Fed: Key to investors' reaction will be a function of the statement and forecasts - BBH

Research Team at BBH suggests that provided that the Federal Reserve delivers the widely tipped and expected 25 bp hike in the Fed funds target range, the key to investors' reaction will be a function of the FOMC statement and forecasts.  

Key Quotes

“A failure of the Federal Reserve to raise interest rates would be a significant shock and likely spur a dollar sell-off, a Treasury rally, and probably an equity market sell-off.  The likelihood of this scenario is so low that it is not worth much time discussing.  Similarly, a 50 bp move also is highly unlikely.  It would go against everything the Fed has been saying about gradual moves.  It would be an admission of getting behind the curve, and there is no evidence that this is their assessment.”

“There seems to be a broad sense that near midyear, there will likely be some tax cuts and spending increases alongside a tougher, perhaps more mercantilist trade policy.  The details are vague, and how this sits with the fiscally conservative wing of the Republican Party is not clear.  While the intentions and signals of the President-elect have spurred a sizable reaction in the capital markets, more concrete details are needed to begin contemplating the impact on monetary policy.”  

“Therefore (and this is where some investors may be disappointed), the FOMC's economic assessment and most importantly, their forecasts, are unlikely to change very much.  Of course, the part of the statement that updates the economic assessment may be upgraded a notch.  The headwinds that held the economy below trend appear to be transitory as the Fed had anticipated.  Fourth quarter growth looks to be around 2.5%.  Consumption may be a little less robust and trade is looking like a drag.”  
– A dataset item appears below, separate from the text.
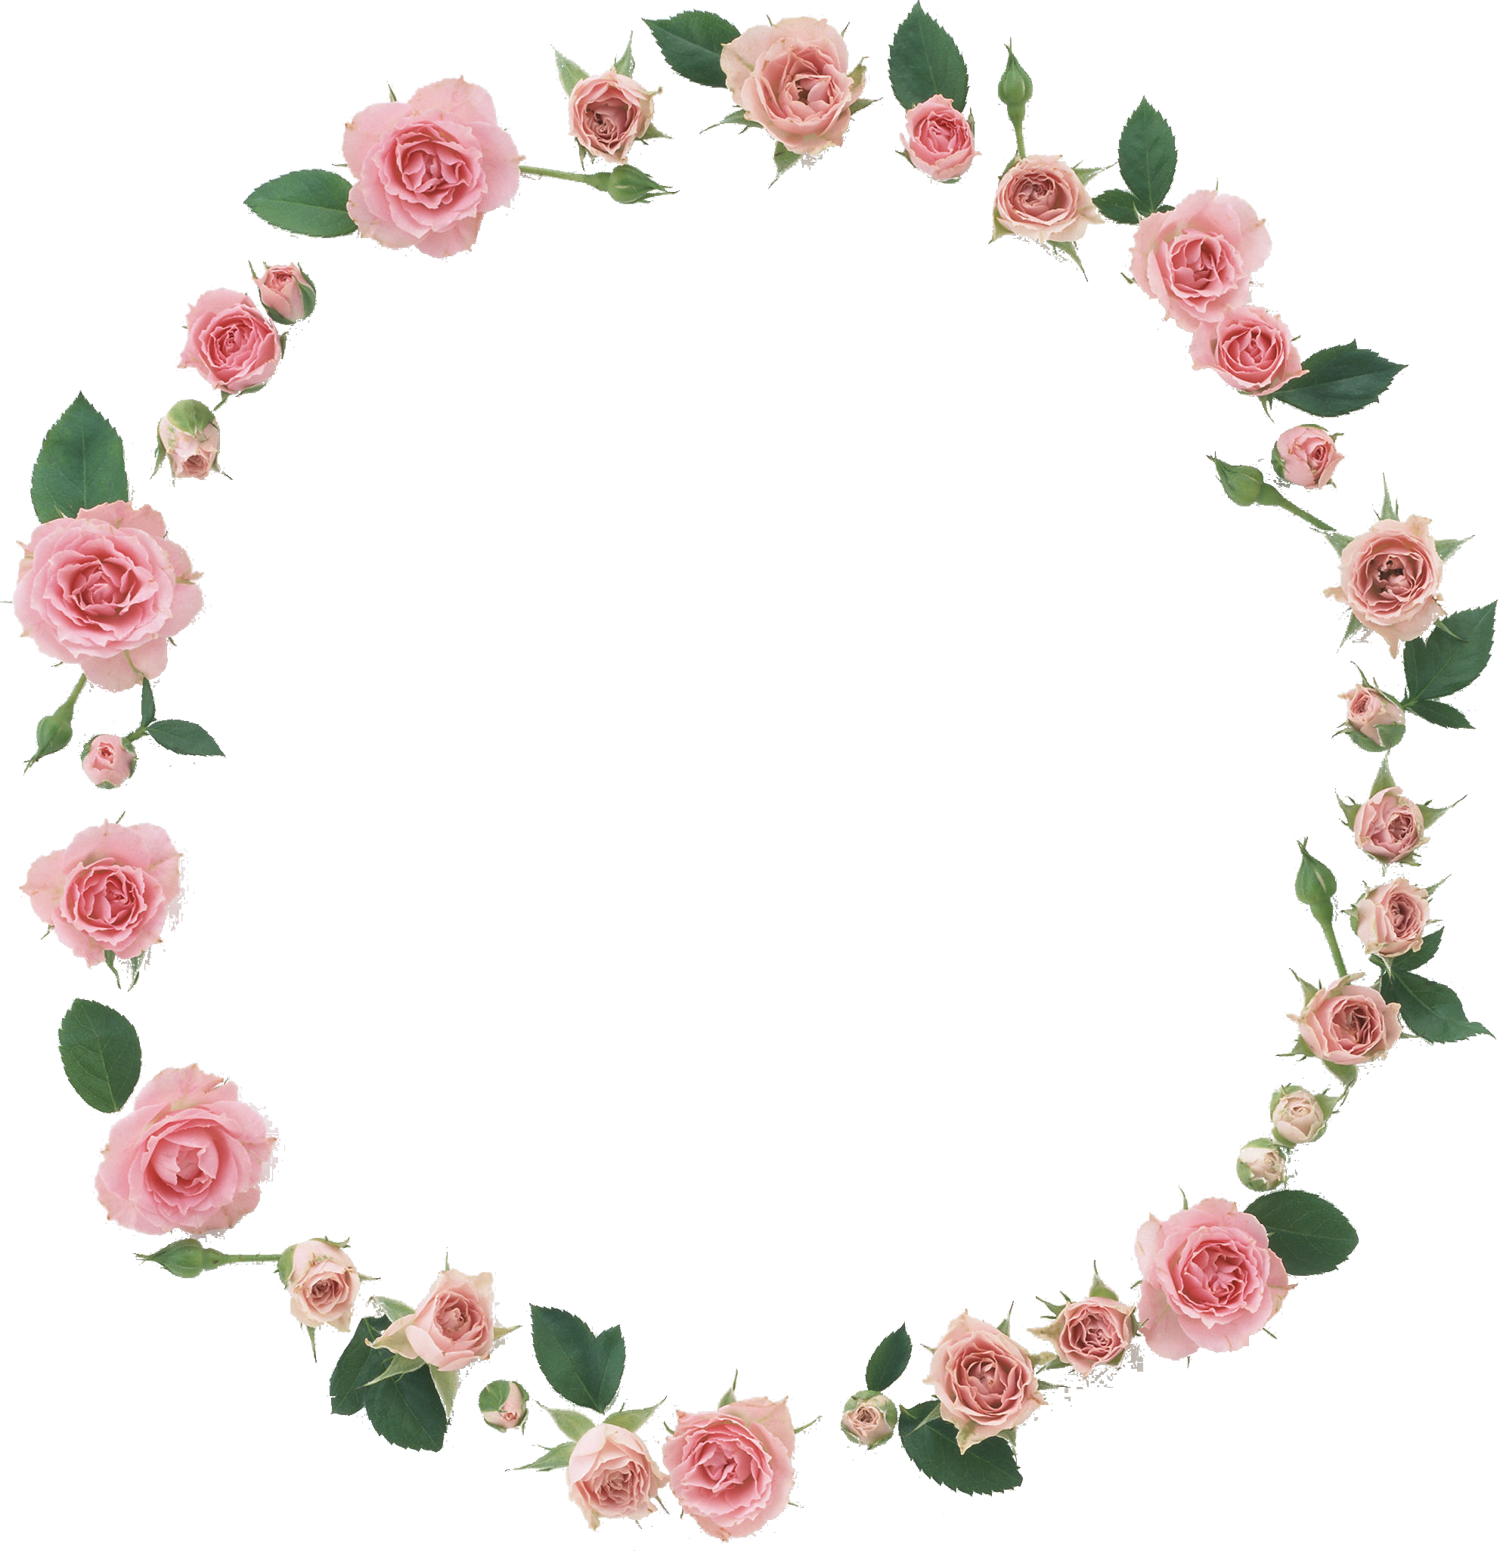 ピンクの花の写真 フリー素材 No 535 ピンクのバラ 葉 輪

“All else being equal, the appreciation of the dollar and rise in yields would likely have a dampening impact on growth and inflation forecasts.  This may be blunted by the further decline in the unemployment and underemployment rates and the wealth effect.  And given the uncertainties over the new Administration, most Fed officials are likely to be reluctant to change their forecasts much now, when in three months, visibility will be better.”

“Specifically, we expect the median dot show expectations for two hikes next year.  While this is twice as fast as the pace in 2015 and 2016, it fits any definition of prudent and cautious.  A recent Wall Street Journal survey found that among economists three rate hikes are thought likely next year.”
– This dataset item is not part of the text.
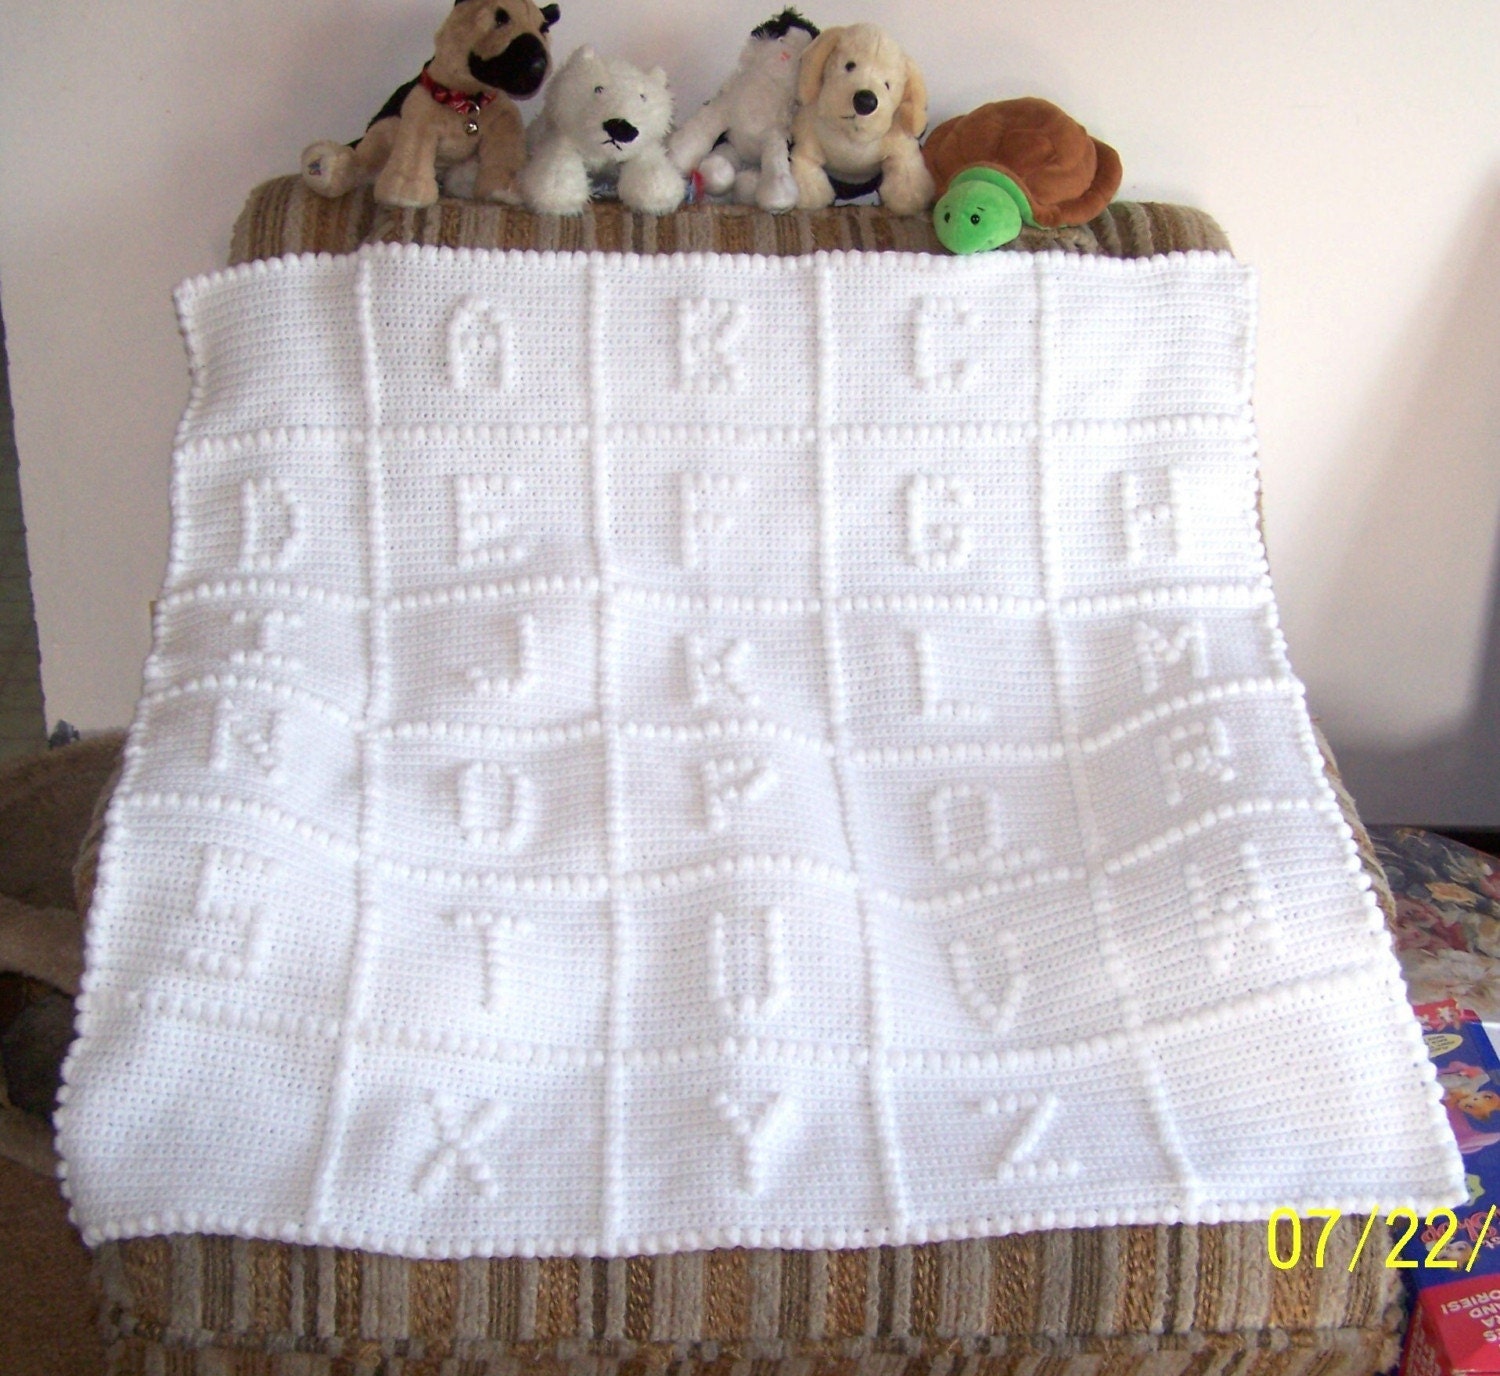 Teddy Bear Pattern - Crochet -- All About Crocheting -- Free

“In her press conference, Yellen will likely deflect any discussion of the new Administration's policies.  However, she can be counted to offer a vigorous defense of the Fed's independence against encroachments.  Given two current vacancies, the expiration of several governor terms in 2018, the new Administration will have the opportunity to change the Federal Reserve significantly without going through the politically and economically sensitive course of direct confrontation.”